§ **WHAT YOU WILL DO**
Below are the records; extract from them the line containing "Aging Barrel (PPU5-02)" to the line containing "Pink bra size 38D", both lines included, exactly and with no pictures.

#### RECORDS PROVIDED

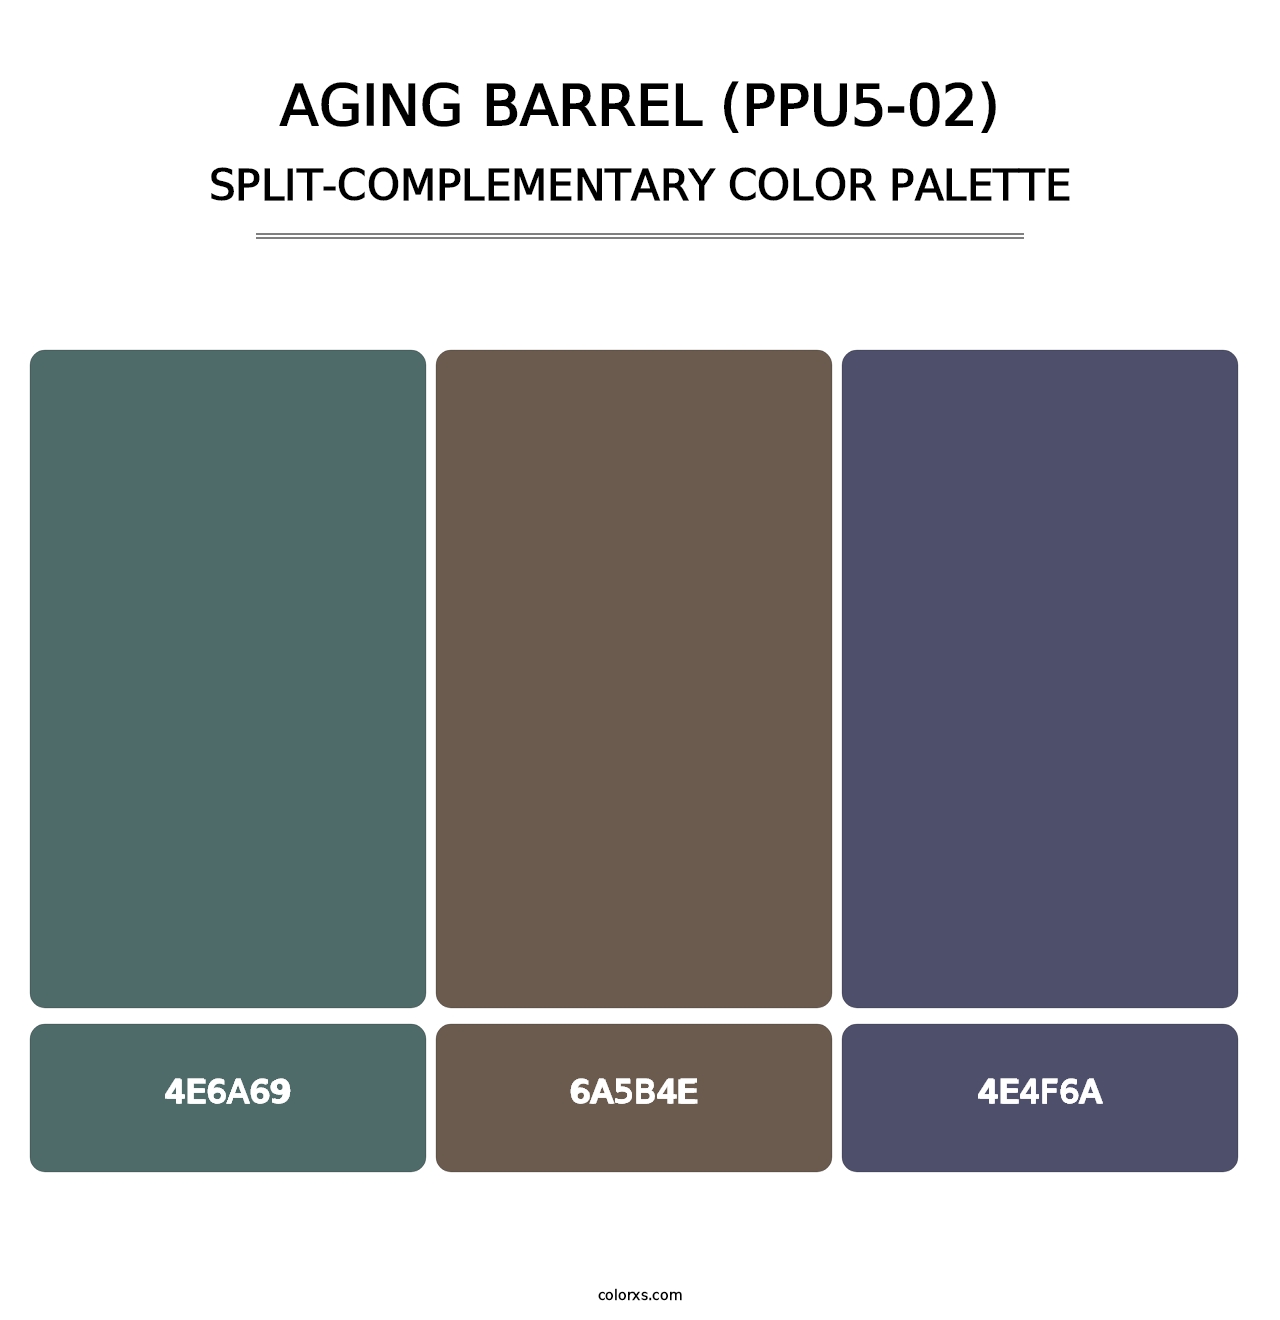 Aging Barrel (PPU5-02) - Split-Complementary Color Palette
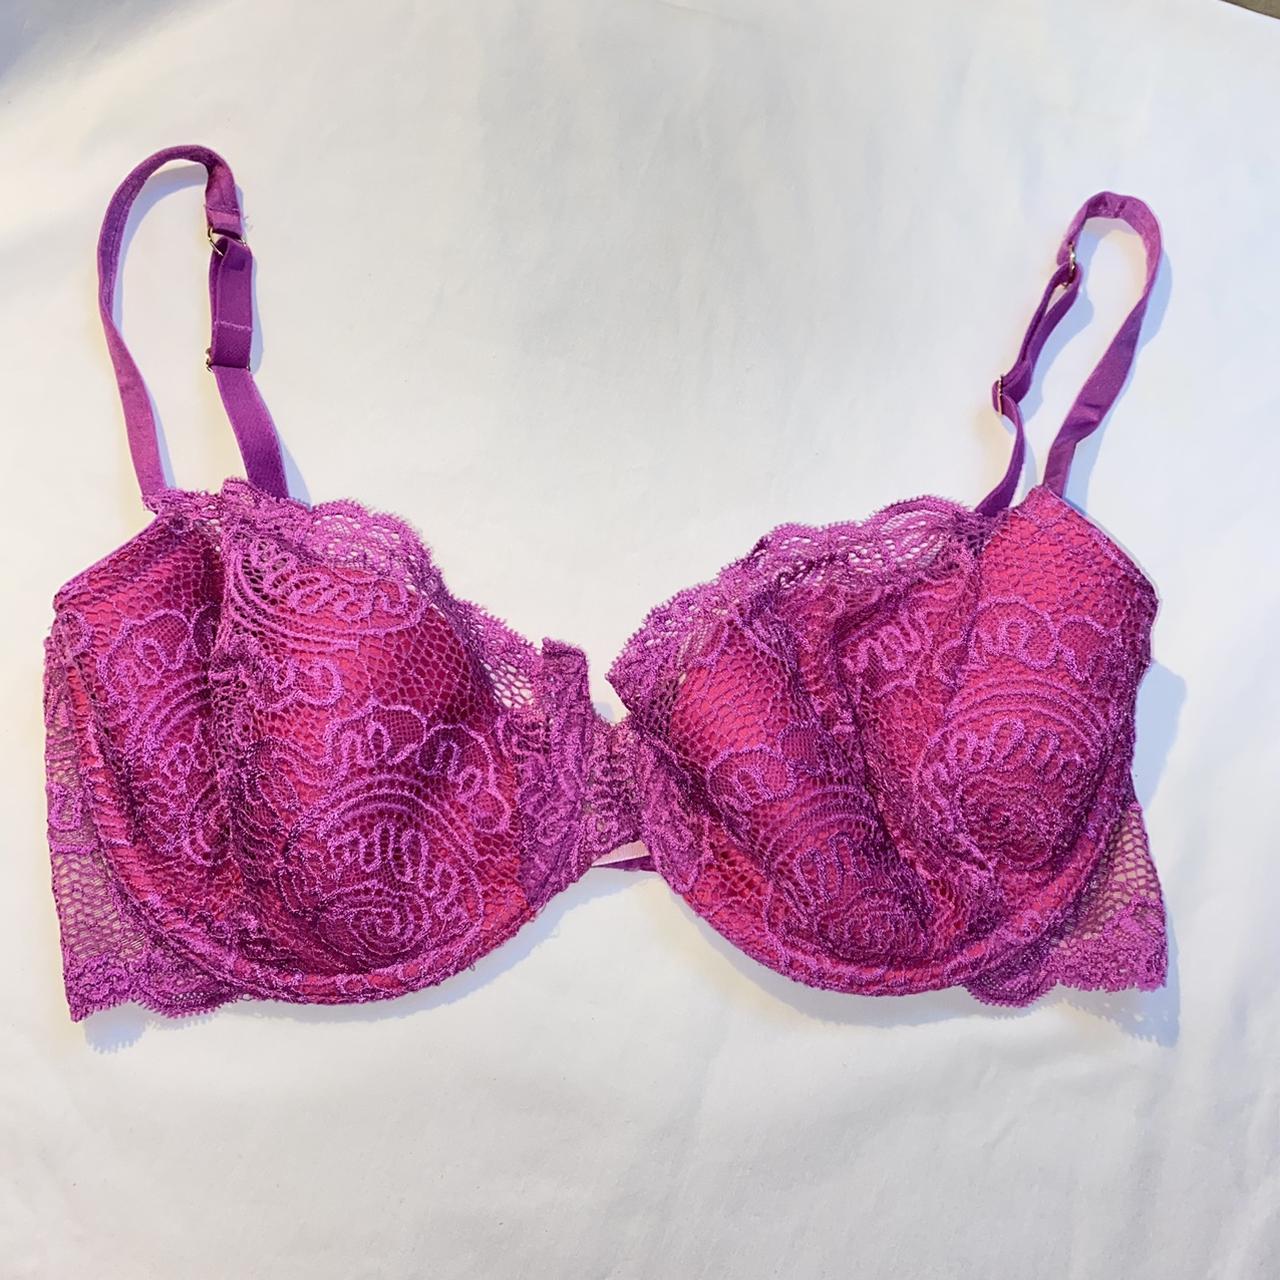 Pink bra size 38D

########
#### RECORDS PROVIDED

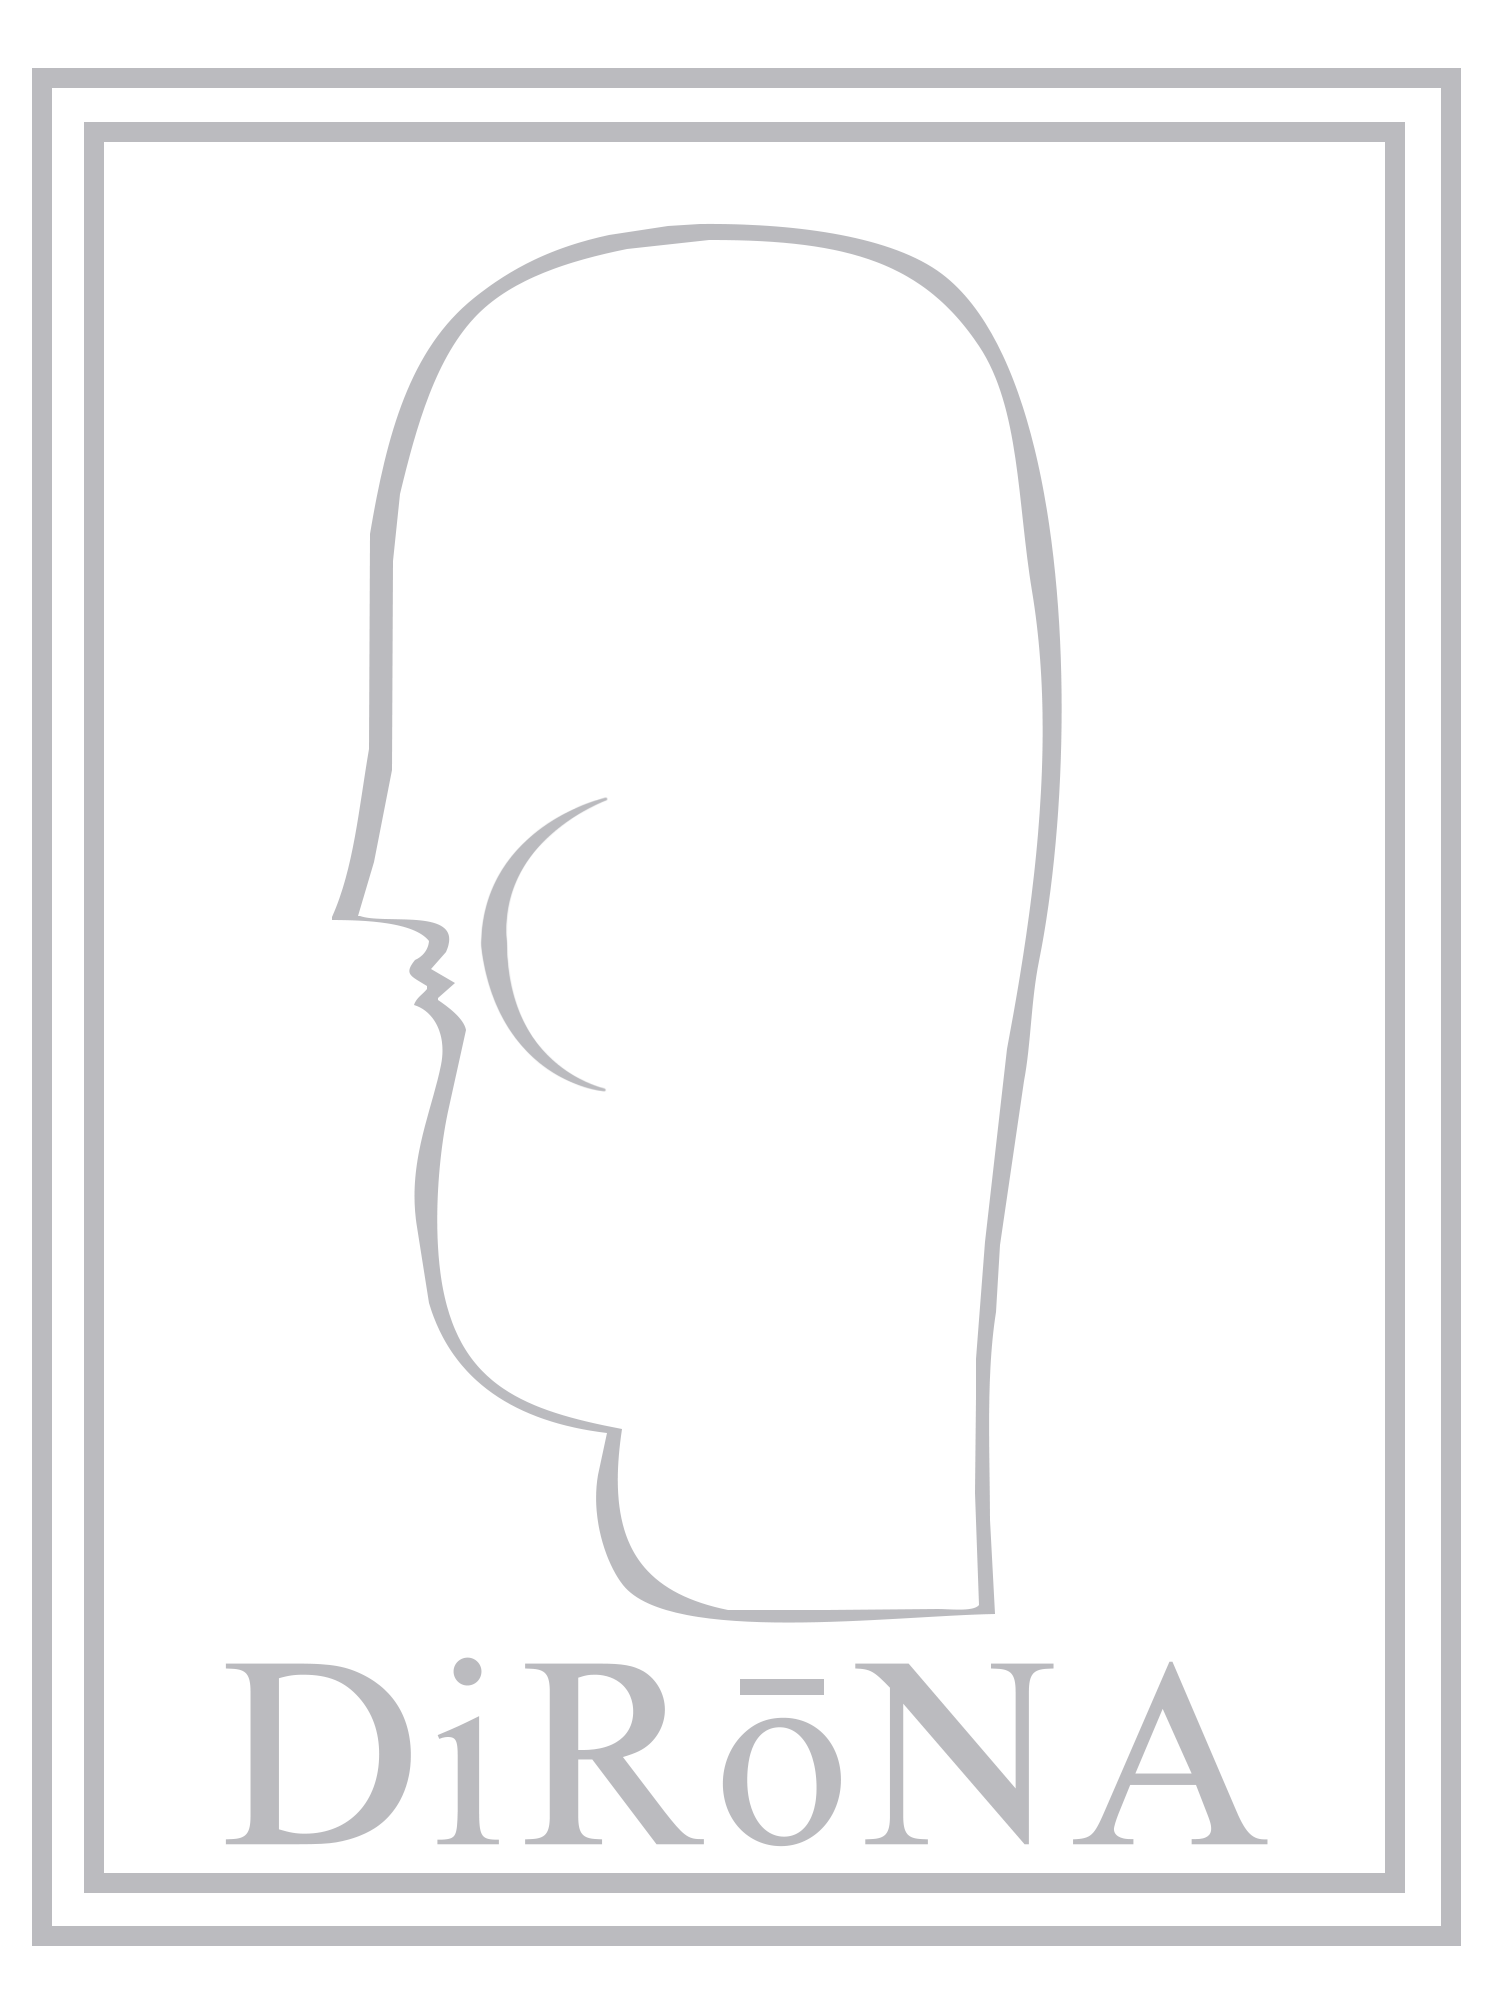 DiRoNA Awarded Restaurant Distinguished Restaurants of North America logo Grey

########
#### RECORDS PROVIDED

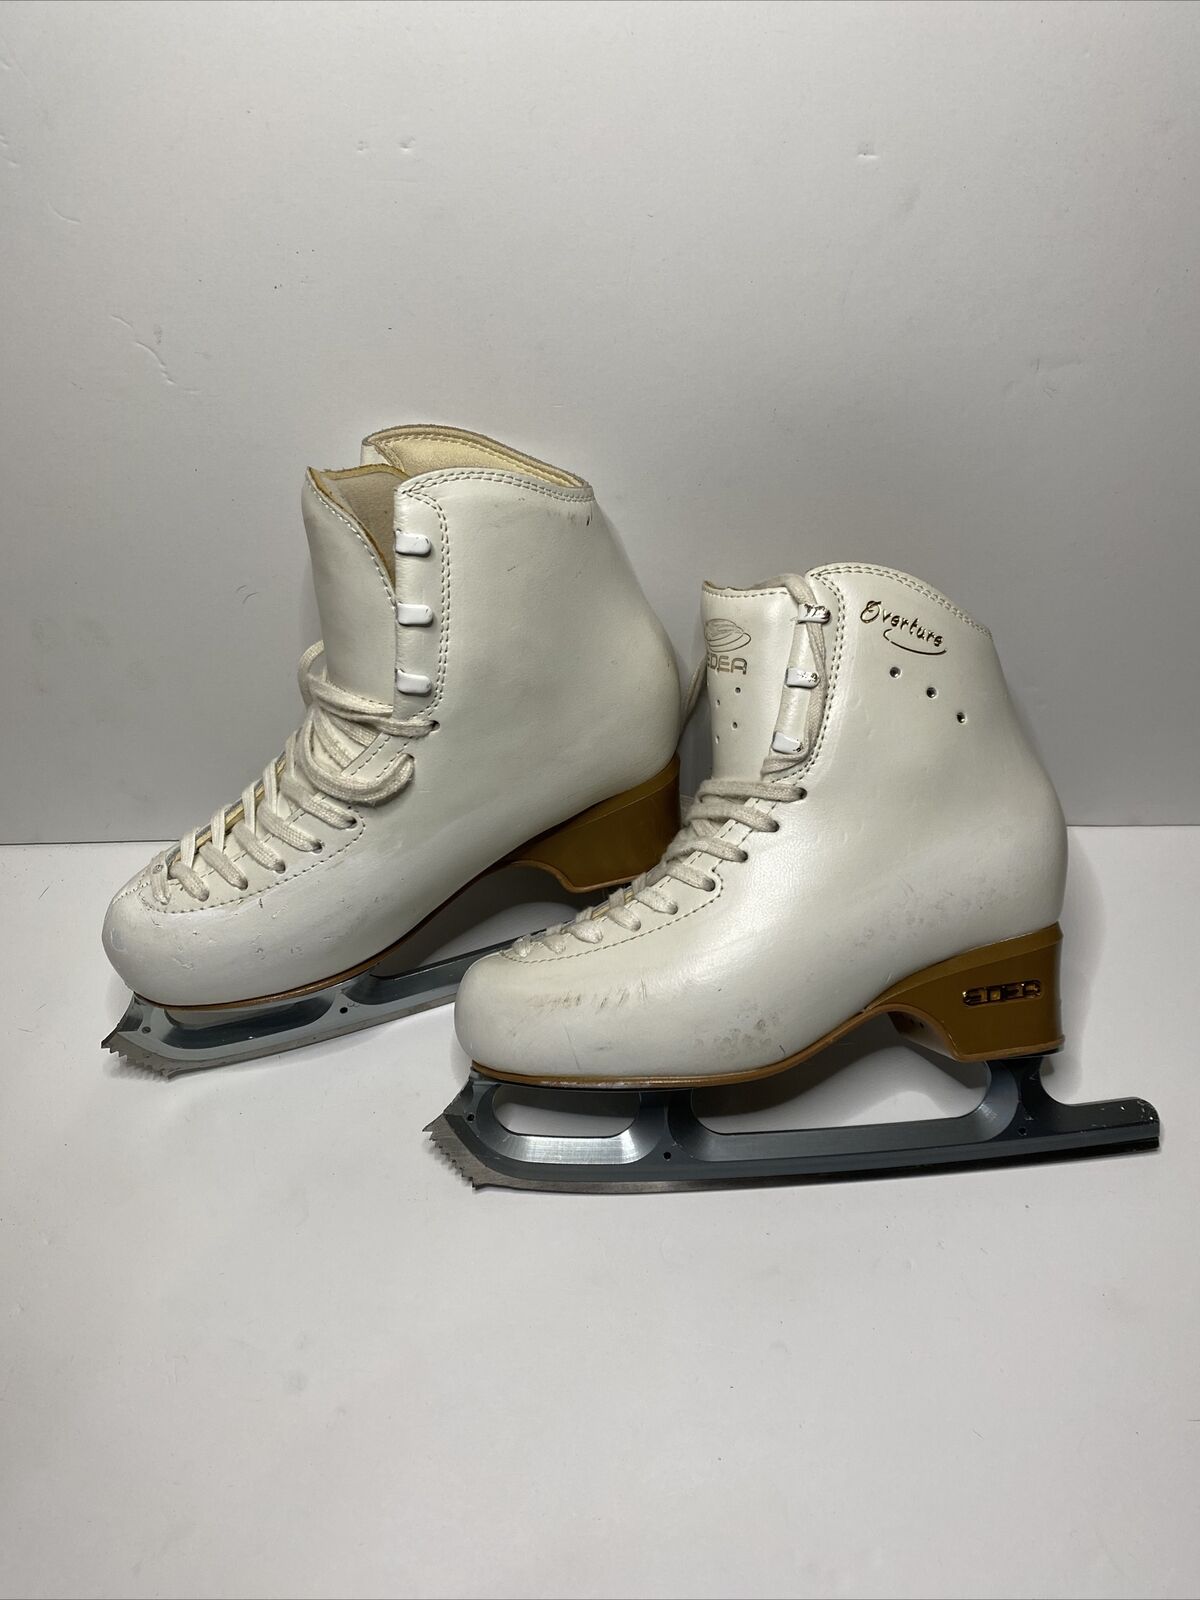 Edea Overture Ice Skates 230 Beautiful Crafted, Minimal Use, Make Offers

########

§ **RESPONSE BOX**
 Aging Barrel (PPU5-02) - Split-Complementary Color Palette
 Pink bra size 38D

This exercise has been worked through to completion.